When discussing reception’s relationship to power Norris writes: “Self-reliance, as Cavell has it, is itself the exercise not of power but of reception” (212). One must remember here that there are different kinds of power in Emerson: the raw animal spirits of the “bruisers” who bully their way through life, but also the power of the thinker or poet. The latter but not the former find their power through reception or abandonment, as Emerson states in “The Poet”:
It is a secret which every intellectual man quickly learns, that, beyond the energy of his possessed and conscious intellect, he is capable of a new energy . . . by abandonment to the nature of things; that, beside his privacy of power as an individual man, there is a great public power, on which he can draw, by . . . suffering the ethereal tides to roll and circulate through him: then he is caught up into the life of the Universe, his speech is thunder, his thought is law, and his words are universally intelligible . . . (CW 2:5).
This sort of power is to be contrasted with weakness, shame, and conformity, but not with reception.

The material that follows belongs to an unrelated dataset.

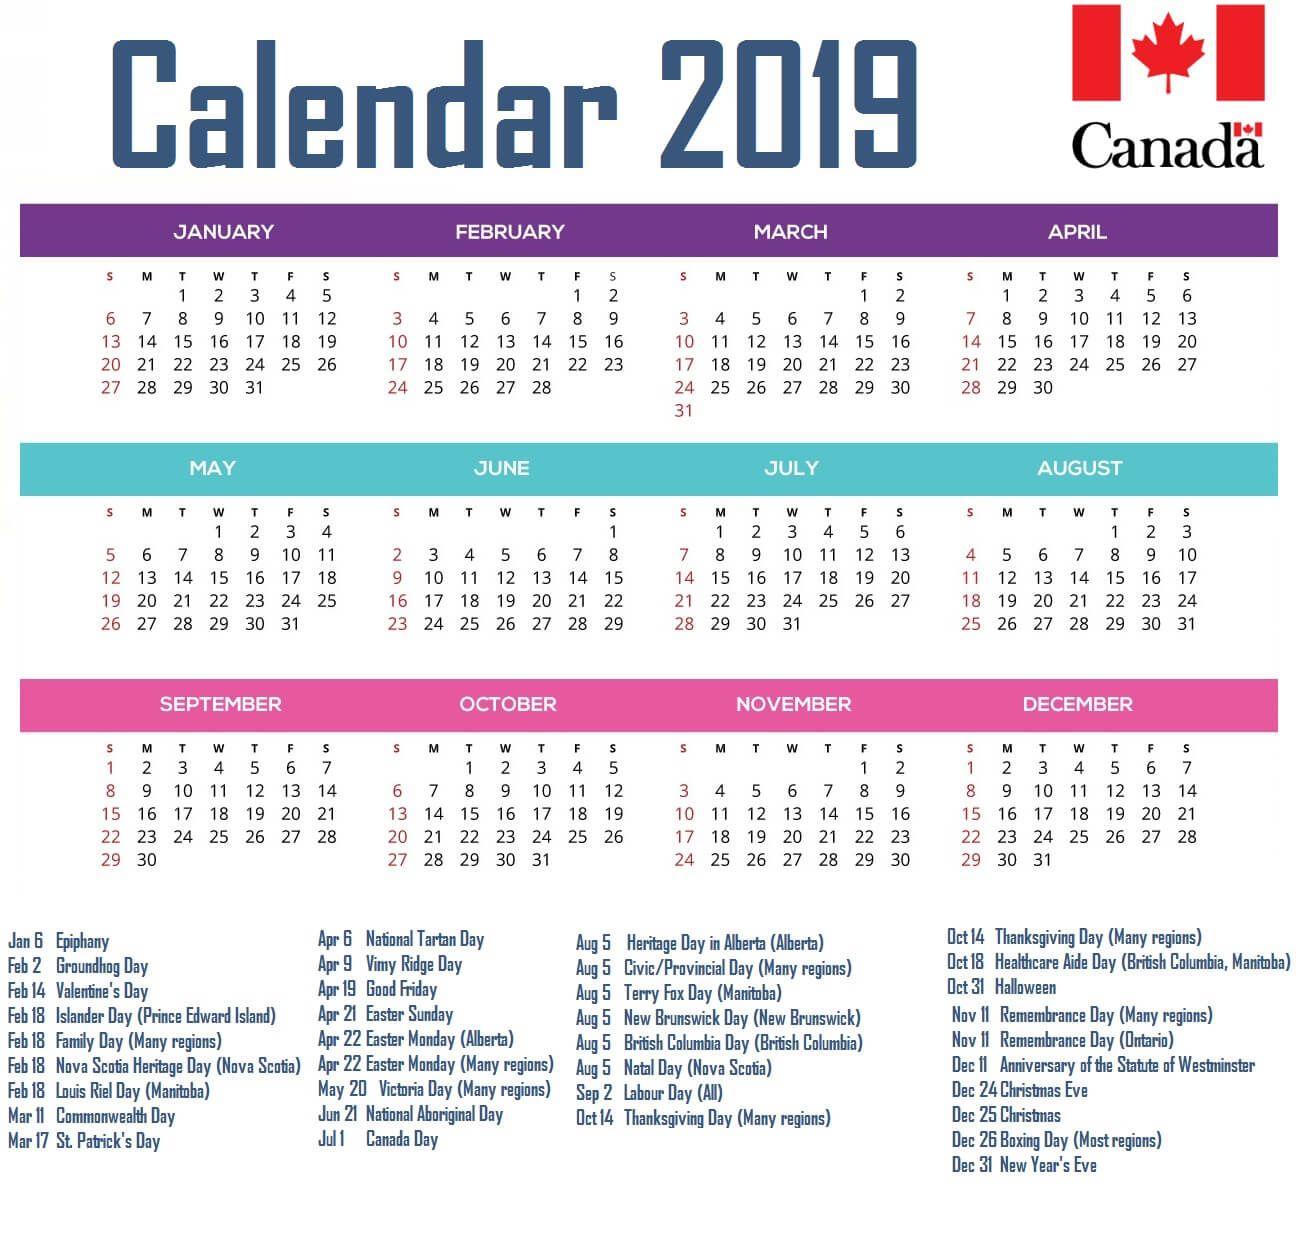 Cute 2019 Canada Calendar Canada2019calendar Canada Holidays 2019calendar Canadacalendar20 Holiday Calendar Printable Holiday Calendar Calendar Printables
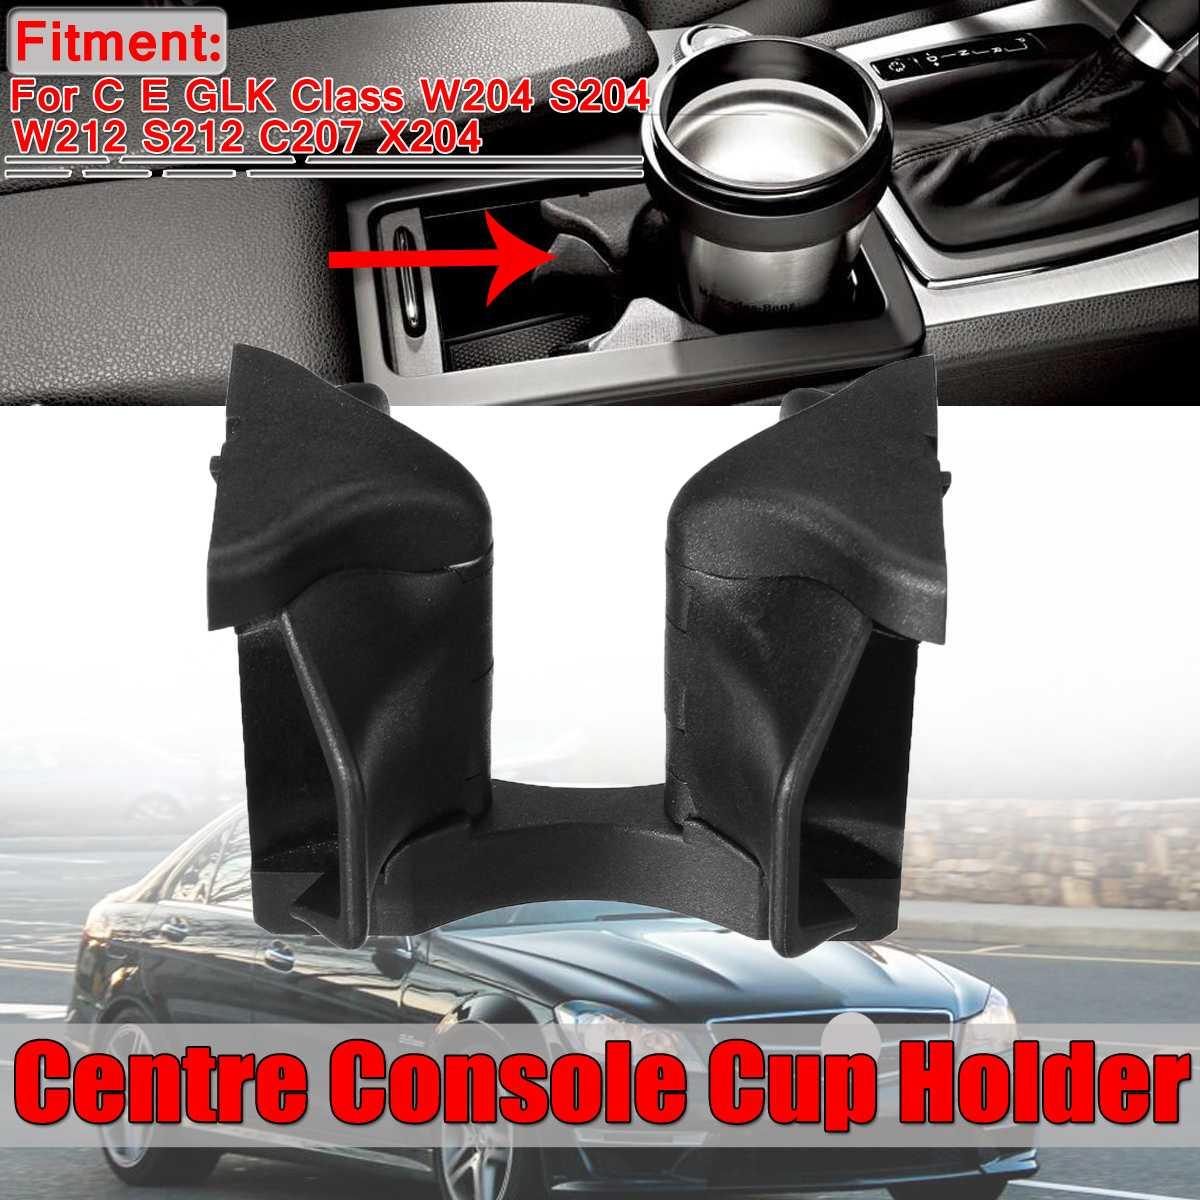 Nueva consola central de coche W204 soporte para copas para Mercedes C E clase W204 S204 W212 S212 C207 GLK clase X204 A2046802391

A third, smaller point concerns Thoreau’s announced goal of waking his neighbors up. He does so in various ways, e. g. by pointing out their self-torture and lives of anxiety, but also by showing them his own life at Walden. “I do not propose to write an ode to dejection,” Thoreau writes, “but to brag as lustily as chanticleer in the morning, standing on his roost, if only to wake my neighbors up.” Norris takes from this and other quotations the idea that “if waking up means becoming conscious, then one must first become conscious of one’s lack of consciousness . . . of the fact that we are not yet thinking” (156). But might one not simply wake up, surprised, and see one’s old non-thinking life for the first time? When Thoreau writes that morning is the time when we may be “awakened by our own newly-acquired force and aspirations from within,” there is no suggestion that the awakening must be preceded by anything more than the renewed “cheerful invitation” of the dawn. And in the moment of “perfect exhilaration” that Emerson records in Nature, he is walking on the common “without having in my thoughts any occurrence of special good fortune” (CW 1:10) — nor any thoughts of a fundamental lack.
To conclude: this is a deeply researched, clearly written, engaging and provocative book. There are insights on every page, and Norris is especially good at recovering the early California Cavell of Mates, Clarke, and Austin, integrating Rousseau’s version of the social contract with ordinary language philosophy, and articulating and defending Cavell’s Emersonian Perfectionism.